Here’s what the life of Joseph has taught me about Psalm 112:4.

1). “Am I in place of God?” By begging for Joseph’s forgiveness, his brothers had placed him on somewhat of a pedestal where he knew he didn’t belong. At some point in his life Joseph had to come to the realization that he wasn’t calling the shots, and the sooner the better. We can’t know when and how his conversations with God turned his heart to submission. Was it in the initial betrayal when he was cast into the pit? Or was it on the road as he was being hauled away into slavery? Maybe as he sat on the dirty prison floor among criminals when he wasn’t one, that he surrendered to the idea that he wasn’t charge. Whenever it was, he learned the lesson we all need to come to grips with-placement is everything and we are not at the of the table.
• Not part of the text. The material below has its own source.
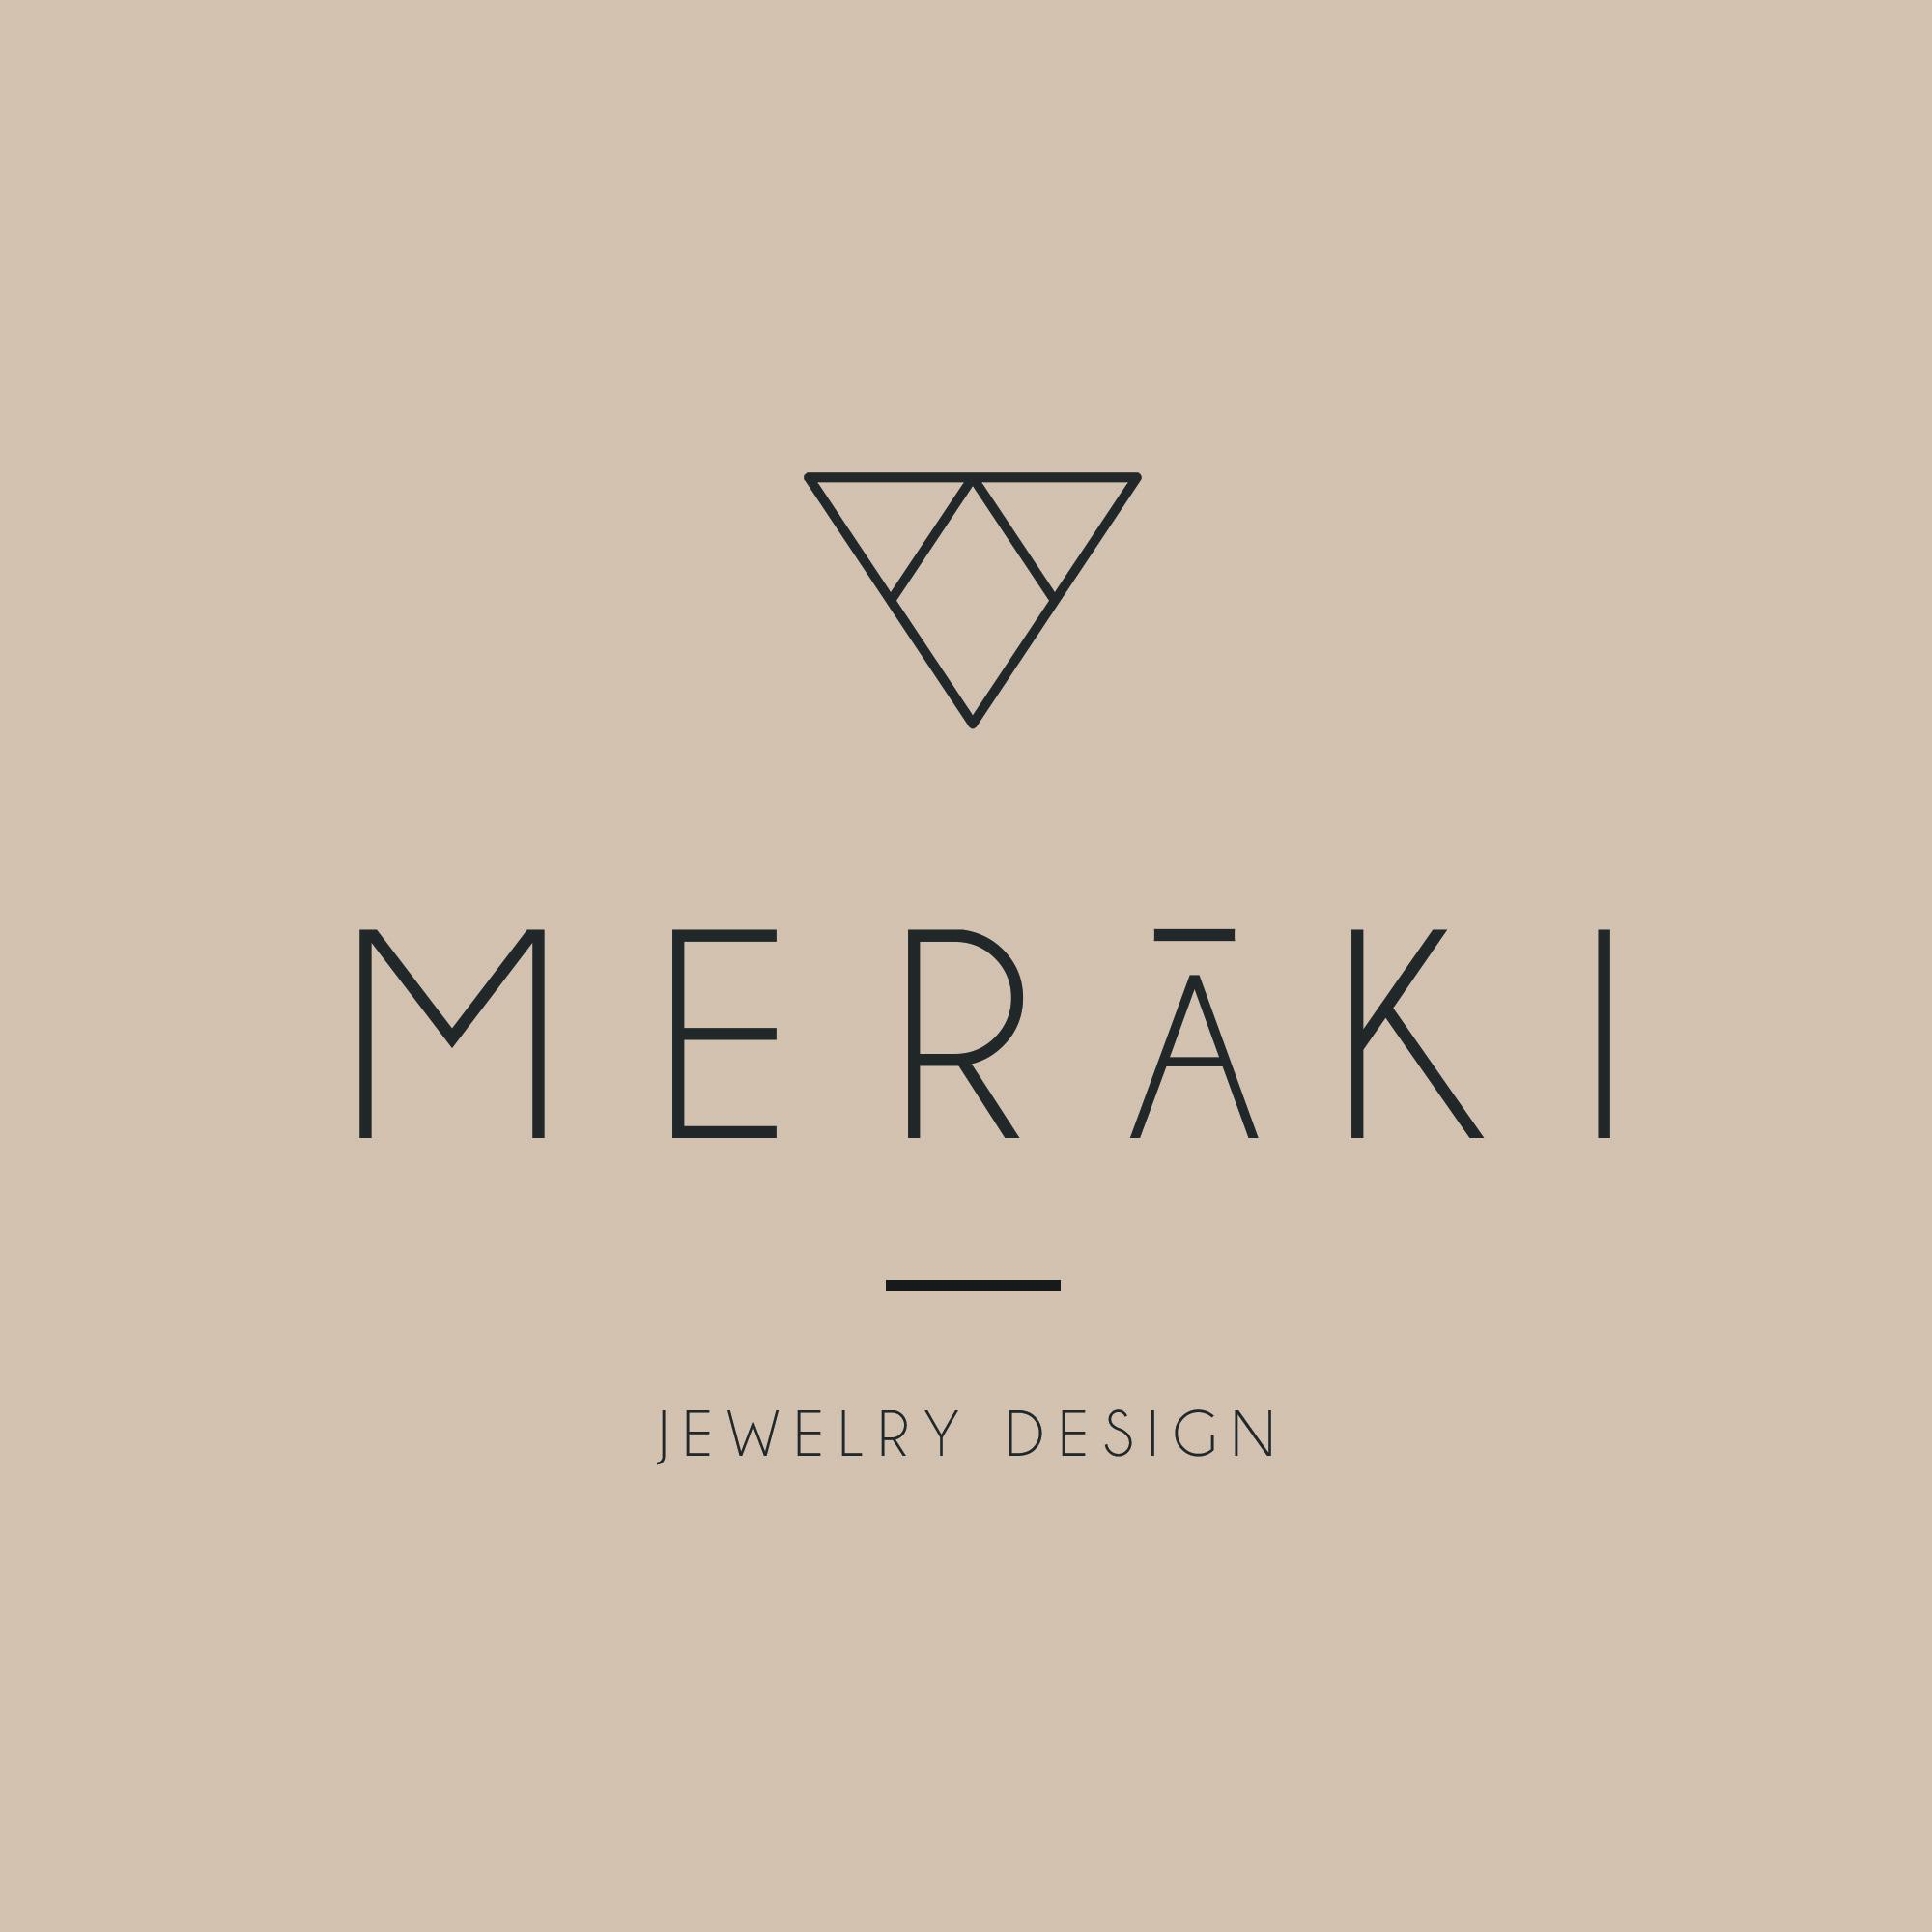 MerakiFinal copy.jpg

2). “God meant it for good.” Darkness doesn’t exist simply for the sake of darkness. Paul understood this when he said, “And we know that all things work together for good to those who love God, to those who are the called according to His purpose” in Romans 8:28.

I can’t imagine being Joseph at the end of his life and reflecting on all he’d been through and having the rare opportunity of seeing the bigger picture. How different would his life have been and the life of his brothers had he chosen to wallow in his darkness, refuse to let the light in and seek revenge on those who’d wronged him? How would history have changed? Perspective is everything.

3). “I will provide for you.” There is a vast difference between the righteous and the unrighteous in how they behave toward other people, especially those who’ve wronged them. What separates the righteous from the unrighteous is from where they are living-out of a position of light or from a position of darkness. It is from a position of light that the upright mirror the life of Christ through their grace, compassion and righteousness. It’s amazing what a little light will do.

Unless we’ve chosen to live off the grid, out in the middle of nowhere completely devoid of human interaction, we will deal with people every day. That’s what this life is about. How we do it depends on what we do with our darkness. Darkness comes in many different forms. Everything from the death of a loved one to difficult relationships, fear, depression, worry, illness, all of it and so much more casts shadows of darkness over our lives often to the point of rendering us paralyzed, unable to function at the level of life we’ve been called to. At the point of our deepest darkness, we have a choice to either sink further into it or to surrender ourselves completely to God and let Him shine His light in the dark corners.

“And He was withdrawn from them about a stone’s throw, and he knelt down and prayed, saying, ‘Father, if it is Your will, take this cup away from me; nevertheless not My will but Yours, be done.’” Luke 22:41, 42.

“Now it was about the sixth hour, and there was darkness over all the earth until the ninth hour. Then the sun was darkened, and the veil of the temple was torn in two. And when Jesus had cried out with a loud voice, He said, ‘Father, in to your hands I commit My spirit.’ Having said this, He breathed His last.” (Luke 23:44-46, NKJV).

Talk about darkness! The whole earth was shrouded in it. Jesus, the perfect Son of God, surrendered His will to the Father, gave up His Spirit and finished the work they had set out to do from the moment of the Fall. To the human eye, the crucifixion was a dark day, but the bigger picture would argue otherwise. To those of us who know Him personally, the light seeped in the moment He died and the veil was torn giving us unlimited access to Him culminating at His resurrection. Because of His willingness to die in the murky darkness of sin, He made a way for us to experience His light in our lives. His surrender granted us grace and compassion. This is what the righteous man is to mirror. The darkness often has a higher purpose, but not for the purpose of wallowing in it. We would do well to remember our place, surrender to it, and allow the light of God in so that our dealings with others will be marked by grace, compassion and righteousness.